Tak berhenti di situ, status hukum Febrie pun sempat berubah dari tersangka
menjadi saksi. Meski begitu, belakangan mantan Kepala Kejaksaan Tinggi DKI
Jakarta itu kembali menjadi tersangka. Pada
saat yang hampir bersamaan, Kejaksaan Agung menghentikan pengumpulan data dan
keterangan terkait dengan proyek makan bergizi gratis. Jika kita menyelisik
lebih jauh, ada pula dugaan bahwa penggeledahan di rumah Febrie dipicu
penanganan tindak pidana korupsi proyek makan bergizi yang menyeret perwira tinggi
kepolisian. Mengapa
terjadi perubahan besar dalam waktu yang begitu cepat dalam sebuah perkara
tindak pidana korupsi? Apakah pertemuan-pertemuan dengan presiden punya
dampak terhadap kasus ini? Benarkah presiden bisa mengubah langkah suatu
penanganan perkara? Koordinasi
atau Intervensi? Presiden
sebagai kepala pemerintahan dapat melakukan koordinasi dalam hal penegakan
hukum yang masih berada dalam ruang lingkup eksekutif. Hal ini pernah
terjadi, misalnya, dalam perkara korupsi pengadaan simulator surat izin
mengemudi pada 2012. Skandal ini dikenal sebagai kasus “Cicak versus Buaya
jilid II”. Perkara
yang disidik Komisi Pemberantasan Korupsi itu mendapat penolakan dari
Kepolisian RI. Kasus ini juga memicu personel kepolisian menggeruduk gedung
KPK untuk menangkap penyidik KPK, Novel Baswedan, atas tuduhan penganiayaan
yang terjadi beberapa tahun sebelumnya. Presiden
Susilo Bambang Yudhoyono memanggil Kepala Polri, Jaksa Agung, dan Ketua KPK
ke Istana Negara karena kegaduhan yang timbul dalam kasus Cicak versus Buaya
jilid II. Seusai pertemuan itu, Presiden Yudhoyono mengumumkan keputusan yang
ia ambil. Sesuai dengan Undang-Undang KPK dan Kitab Undang-Undang Hukum Acara
Pidana (KUHAP), ia menegaskan agar KPK melanjutkan proses penyidikan.

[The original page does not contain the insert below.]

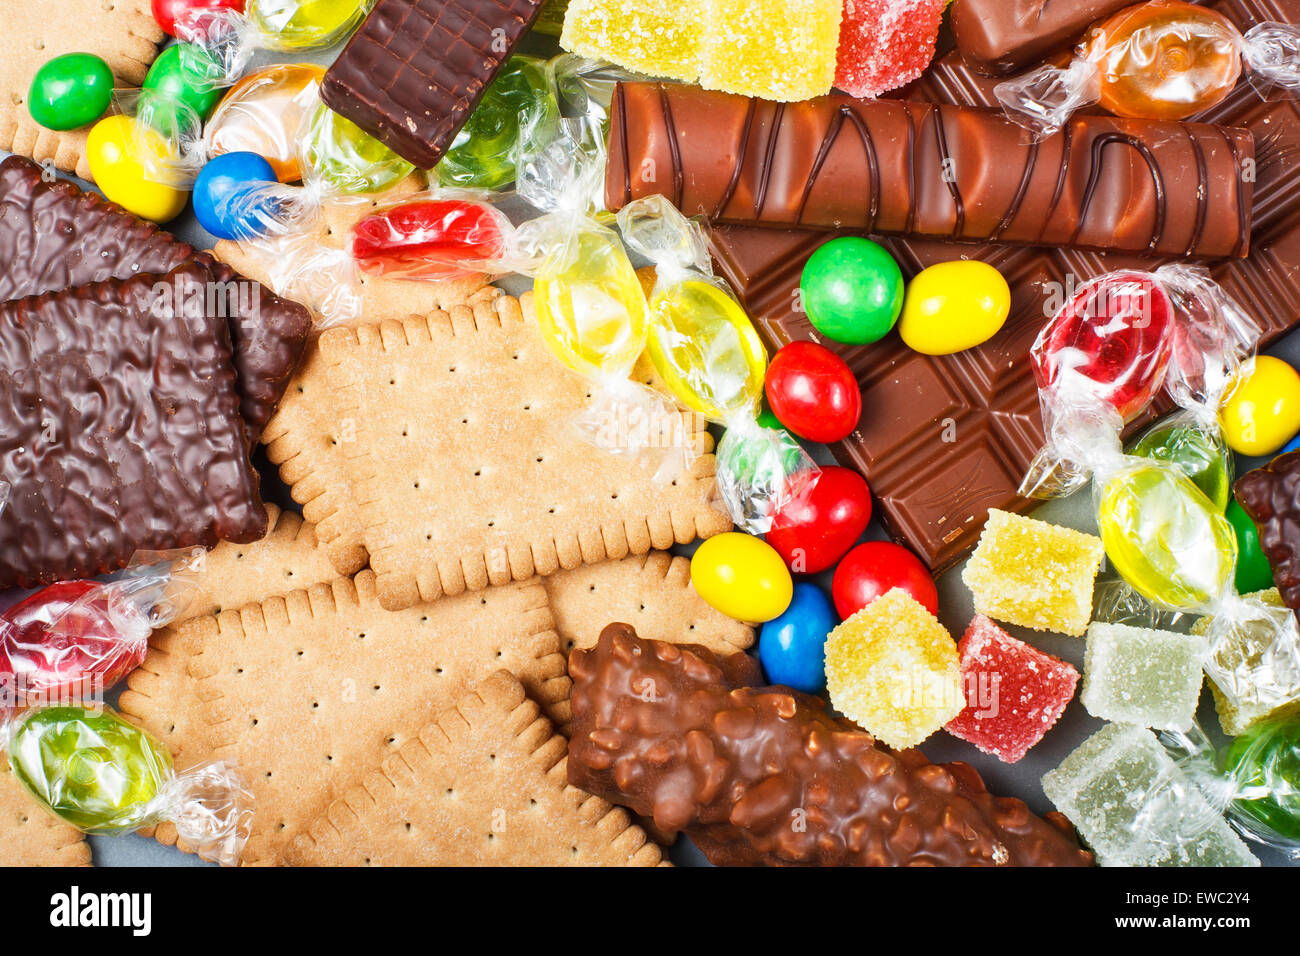 Food concept - candy, chocolate, candy bars, jelly Stock Photo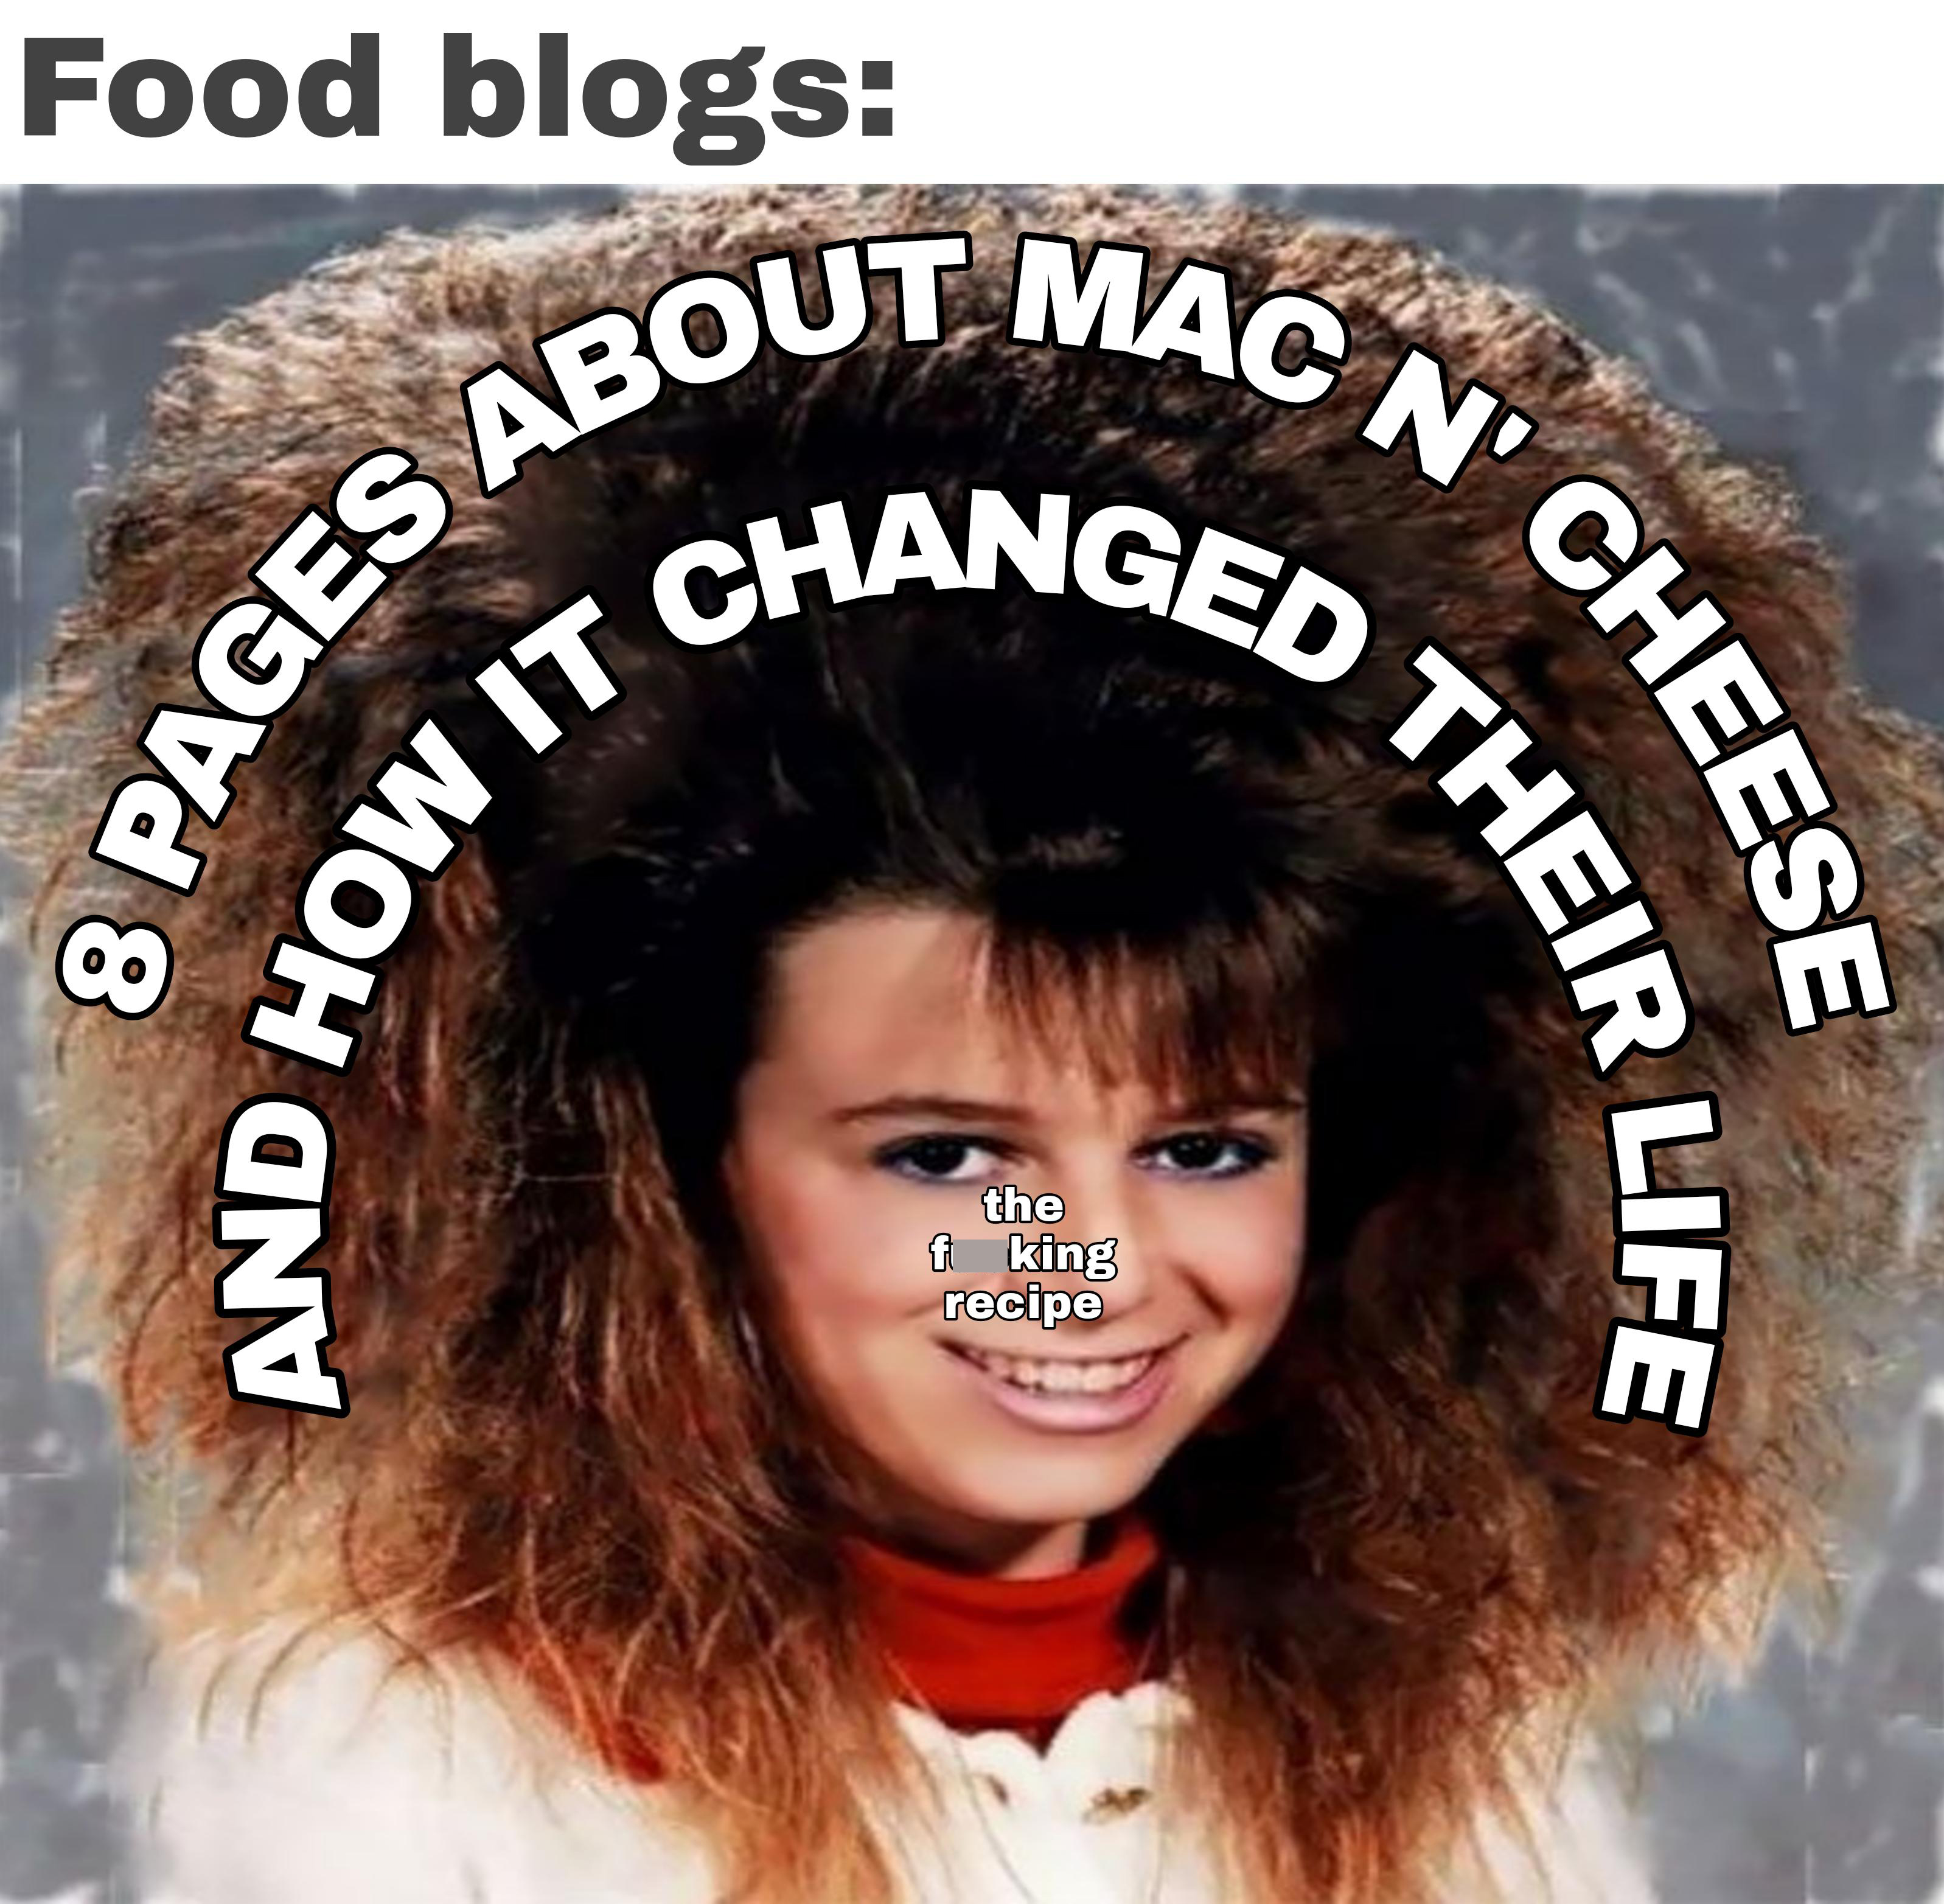 ahit - Food blogs Pages About, Mac N' Chees Changed 8 And How It Their the f king recipe Life

Yudhoyono juga meminta penundaan kasus Novel. Peristiwa
itu sama dengan perkara Febrie Adriansyah dalam dua hal: ada kegaduhan yang
ditimbulkan dan ada koordinasi yang dilakukan presiden. Tapi ada satu hal
penting yang membedakan keduanya, yaitu kepatuhan pada hukum. Presiden
dan jajarannya menerobos KUHAP ketika berkoordinasi menangani kasus Febrie.
Salah satunya mengenai perpindahan penyidikan dari polisi kepada jaksa. Dalam
perkara tindak pidana korupsi yang diproses kepolisian, pelimpahan perkara
dari polisi ke jaksa semestinya terjadi pada tahap penuntutan. KUHAP tak
mengenal peralihan atau pelimpahan di tengah penyidikan yang juga diikuti
pengiriman berkas dan barang bukti kepada institusi lain. Perpindahan
penanganan kasus Febrie juga mengabaikan fakta adanya konflik kepentingan.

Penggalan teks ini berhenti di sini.